Budget deficits, projected through 2022. The "CBO Baseline" shows the effects of the fiscal cliff. "Alternative Scenario" is the extension of the Bush tax cuts and the rollback of spending cuts. (Wikipedia Commons)

The question gets more urgent by the day: Can President Obama and Congress cut a deal in the next month to prevent the automatic government spending cuts and tax hikes known as the fiscal cliff?

There's another question, too: If they reach an agreement on tax hikes on the wealthy, or cutting tax breaks like the mortgage interest deduction, what then?

This week on WNYC's Money Talking, contributors Joe Nocera of The New York Times and Rana Foroohar of Time magazine discuss the potential impact of a deal to avoid the fiscal cliff on future economic growth.
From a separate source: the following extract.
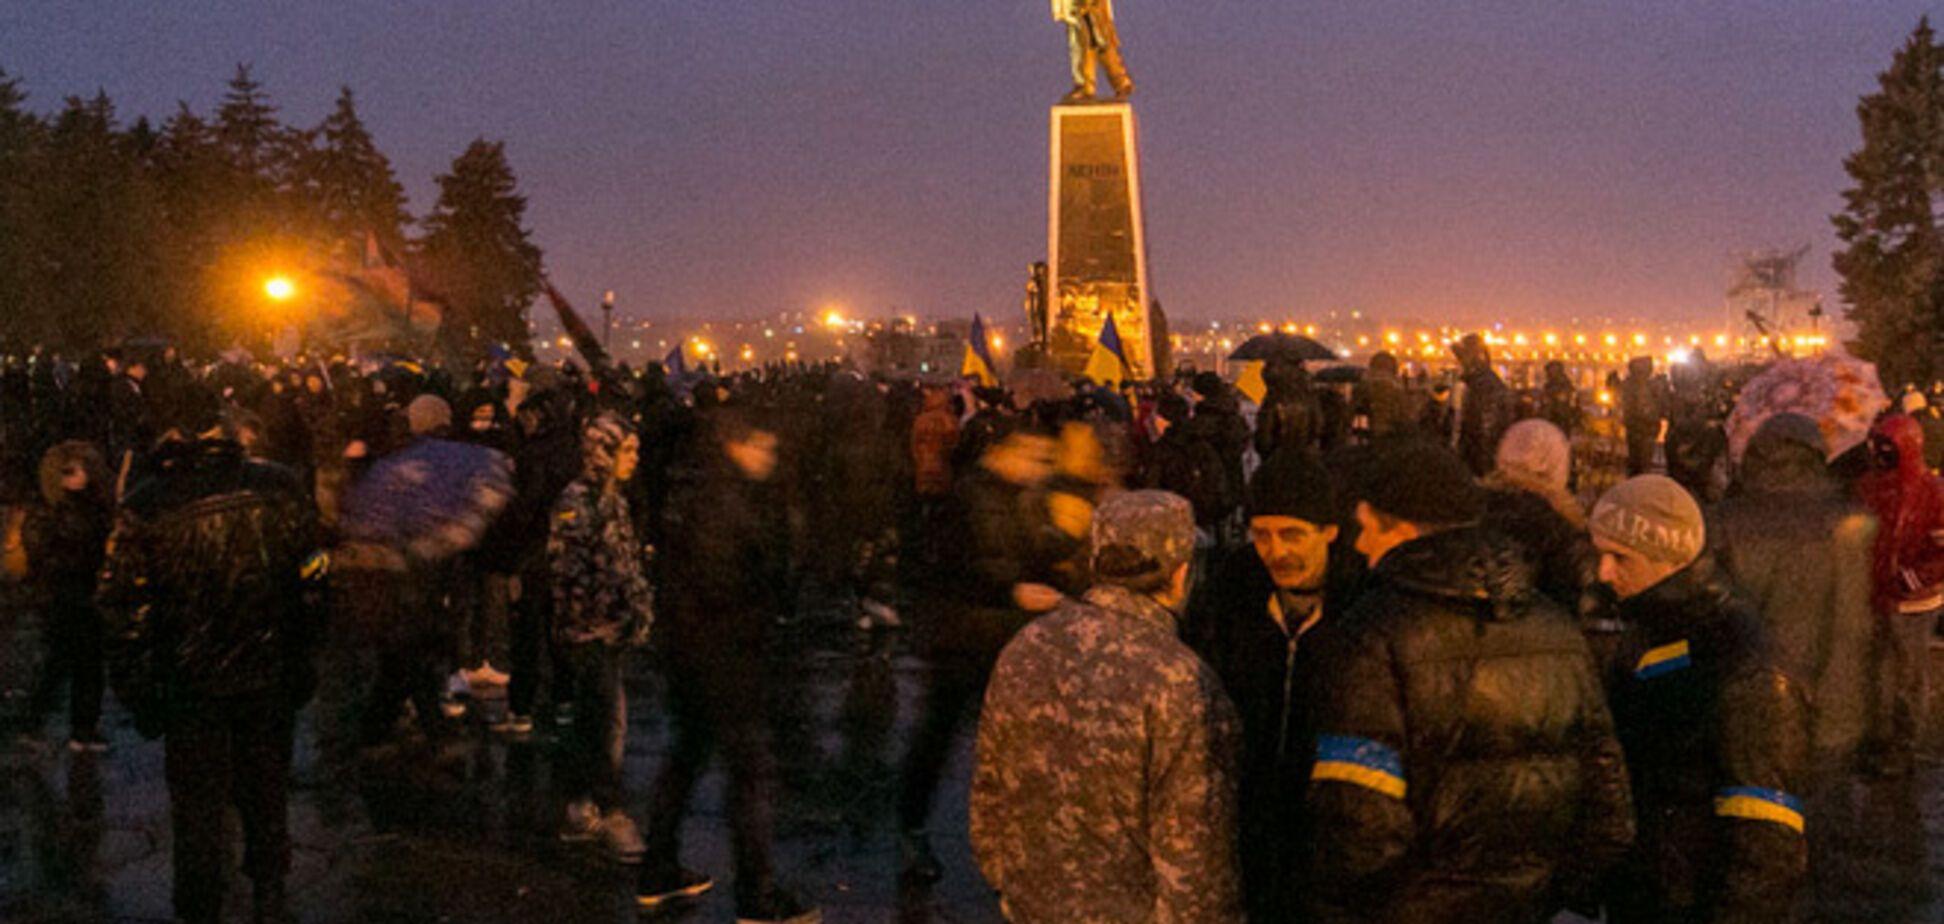 Не снесли. В Запорожье обсуждают легальный демонтаж памятника Ленину

Plus, Warren Buffett is making the rounds with his proposals to address the debt. Nocera and Foroohar weigh in on one of his ideas: a minimum tax of 30 percent for people making more than $1 million a year. 

Hosted by:

Jeff Greenfield

Produced by:

Daniel P. Tucker


Charlie Herman


Rana Foroohar and Joe Nocera

Comments [3]

Lloyd Waldron from Long Island

Great coverage on the benefits within the economy for wage earners making a living wage and the 'trickle up' economy. The 'trickle down' argument has been part of the public discussion for decades now. Where are the real, visible, continuing benefits to the 98% of people in this economy in today's trickle down economy? Please consider investigating for as many examples as possible. This would be a great contrast in reporting on the work of the many vs the income of the 2%.

Dec. 12 2012 07:34 AM
RUCB_Alum from Central New Jersey

Not a cliff but returning to the Clinton tax rates across the board will definitely induce a recession and it would be of our own making...

15% thru $48,600
28% thru $125,400
31% thru $203,150
36% thru $398,350 and
39.6% for all income over $398,350...These rates are for 'Head of household'.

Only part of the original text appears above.